Nevertheless, Bolivar's hesitations and the lack of a clear pronouncement[59], such as a proclamation, for example, of his role, whether as guarantor of Urdaneta or as president, allowed him to contemplate certain possibilities: he was not entirely comfortable with the grab for power on the part of Urdaneta or was he already so separated from these public businesses that he truly abandoned Colombia to her fate and, therefore, did not have the disposition (assuming also, by his letters, that he was sick) to assume either the presidency nor some kind of authority that would make him part of the new government. Such a drastic change of opinion (in December 1829 he claimed to remain "supreme commander" of the new government) can only be understood under very serious news: the events of Venezuela (final secession), the illness and the intensification of the insults against his person.

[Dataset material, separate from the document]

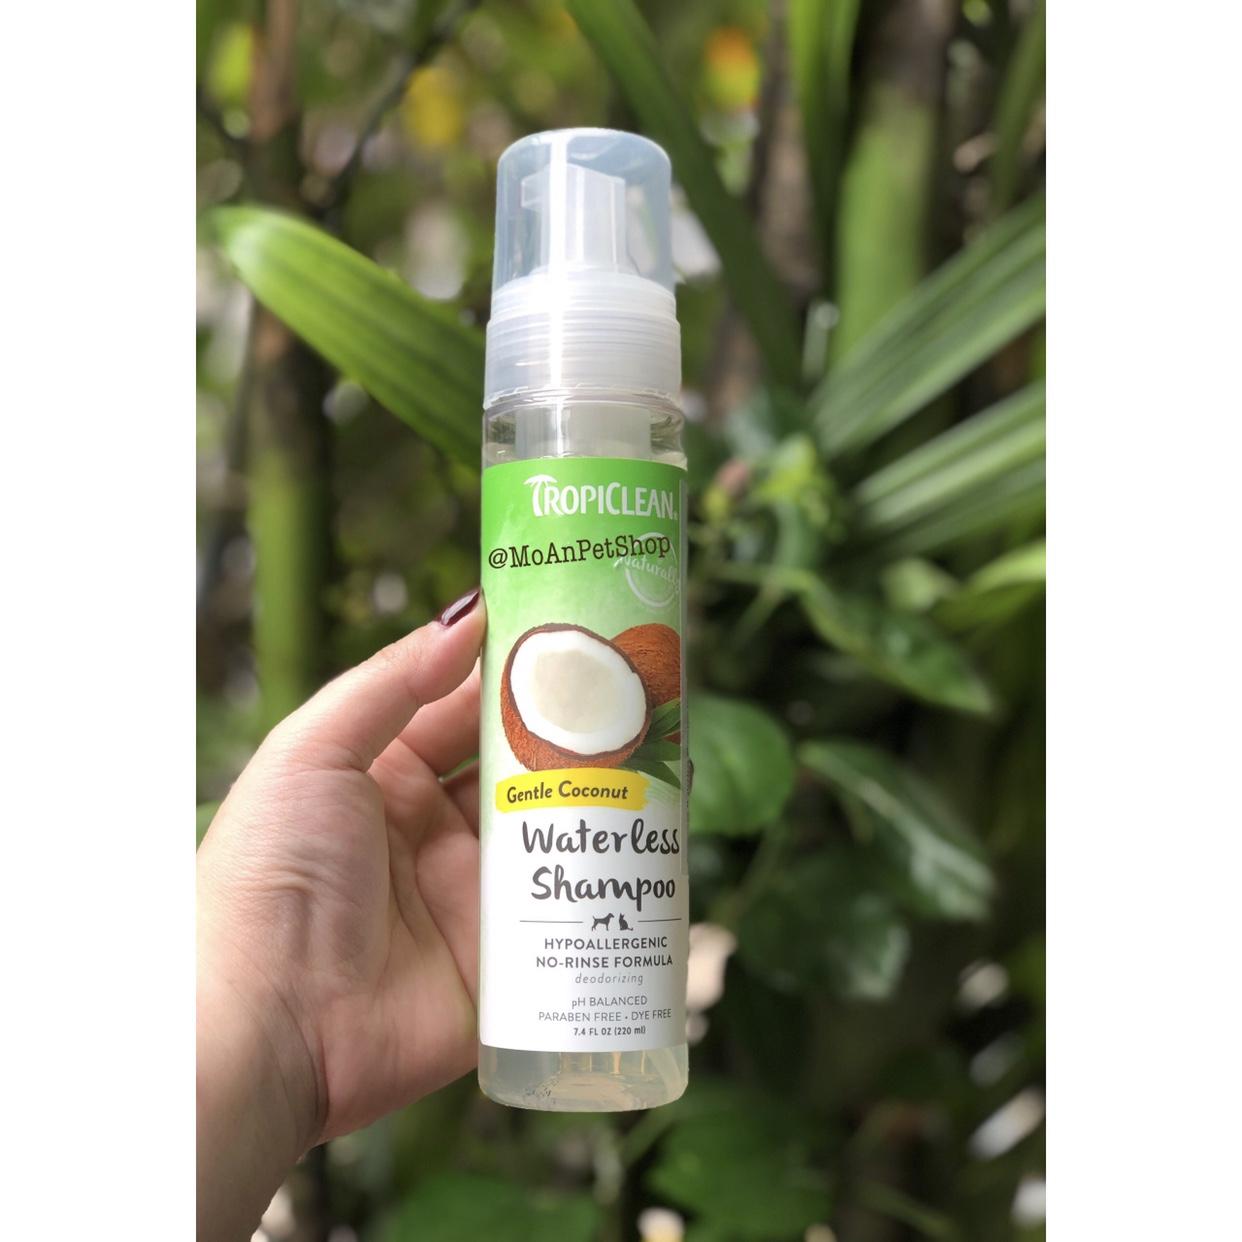 Sữa tắm khô TROPICLEAN Waterless Shampoo Hypoallergenic [Dạng bọt foam] 220ml
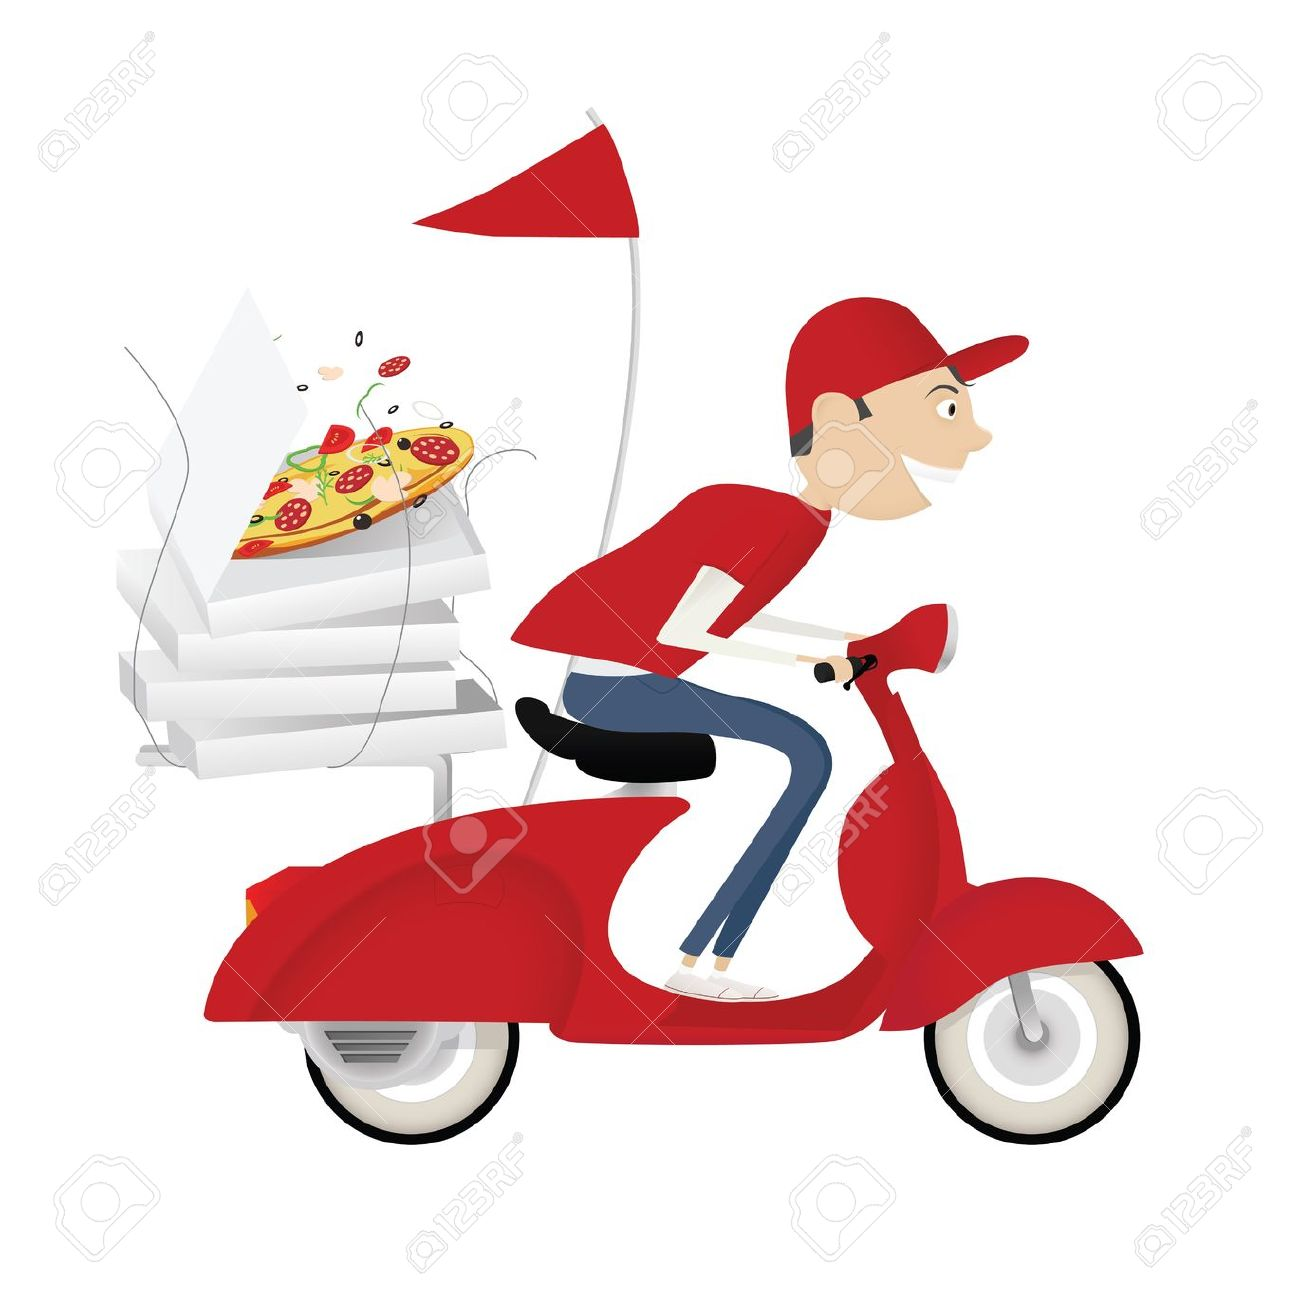 1300x1300 Bike Clipart Pizza Delivery

             However, his last written thoughts show enormous concerns about what the future would bring to Colombia. In the months following September 1830, Bolivar set out to seek the strengthening of Urdaneta's position, since from the very beginning of this administration he devoted himself to delivering thoughts like this, in a letter to Estanislao Vergara, who was one of his ministers: "You have the goodness of expressing this letter to General Urdaneta, and persuading him for my behalf to make me his friend and that I shall soon assist him however I can. Add to it that I am very far from seeking the command, whether military or civil, and that I sincerely desire that our compatriots place him in the highest office of the republic[60]", despite privately disapproving of his conduct and rejecting the constant demand for his return (he also writes to Vergara to "let the whole country know, and my friends and my enemies know that I do not aspire to anything and that I will gladly see any of my friends in first place. I offer to serve anything, because what I hate most is the presidency[61]"). However, Bolivar did not rule out the possibility of assuming the presidency to attract various sectors of bolivarianismo that were disregarding Urdaneta[62]. This ambiguity is evident: at the same time that he rejects the presidency he ignites in more than one heart the hope for his return to power; he disapproves of the way Urdaneta assumes power but is willing to invent tricks to help sustain it. This is expressed in a letter that was sent to Estanislao Vergara on September 25, 1830 from Cartagena[63], referring specifically to the topic of Urdaneta, the coup and pronouncements:

In three days, I go to Santa Marta, to exercise, to get out of the annoyance I'm in and to improve my temperament. I am here denying, against all my will; because I wanted to go to hell, to leave Colombia; But Mr. Juan de Francisco (Martin), at the head of another inopportune group, has tyrannized me by making me stay where I cannot and do not want to live. You will tell me that all this is in opposition to my proclamation and my office to the government. I will reply that Santa Maria made me see that you were going to divide yourself into a thousand parties and completely ruin the country if I answered correctly that I did not accept, I offered, then, to disguise, speaking vaguely of serving as a citizen and as a soldier. However, I did not fail to express to General Urdaneta that I would not go to Bogota or accept the command: I said the same thing to my friends. Therefore, I have deceived no one but our enemies so that they do not finish you suddenly[64].

 

Bolivar details his relationship with Urdaneta's seizure of power and insists on his final withdrawal and that he has been called by various sectors that were beginning to divide in his absence to consolidate the union of his political supporters. None of these supporters, especially those who were at the forefront of political and military command- the "caudillos," if they want to call themselves that- could conceive of a leader who was not Bolivar, and distrusted each other. Justo Briceño distrusted Urdaneta[65], since all the requests made by Bolivar to send troops to Urdaneta[66] had been neglected, and Pedro Briceño Méndez[67] did not decide to occupy a ministerial place in Bogota, perhaps because he was not very convinced of Urdaneta´s command. These indecisions are a conscious act of one who is torn between the idea of ​​union and legality. In order for there to be a union, he had to more or less violate legality and let Urdaneta´s "usurpation" pass, doing everything to support him. And, if he definitively opted for legality, his supporters would likely be polarized and any possibility of a union would be lost. So, the ambiguous position of Bolivar was between two dangerous extremes. It was a question of balancing between his personal reputation, which would be tainted if he were to lead a coup, and the preservation of the last possibilities of carrying out his project for Colombia and uniting his supporters under his aegis.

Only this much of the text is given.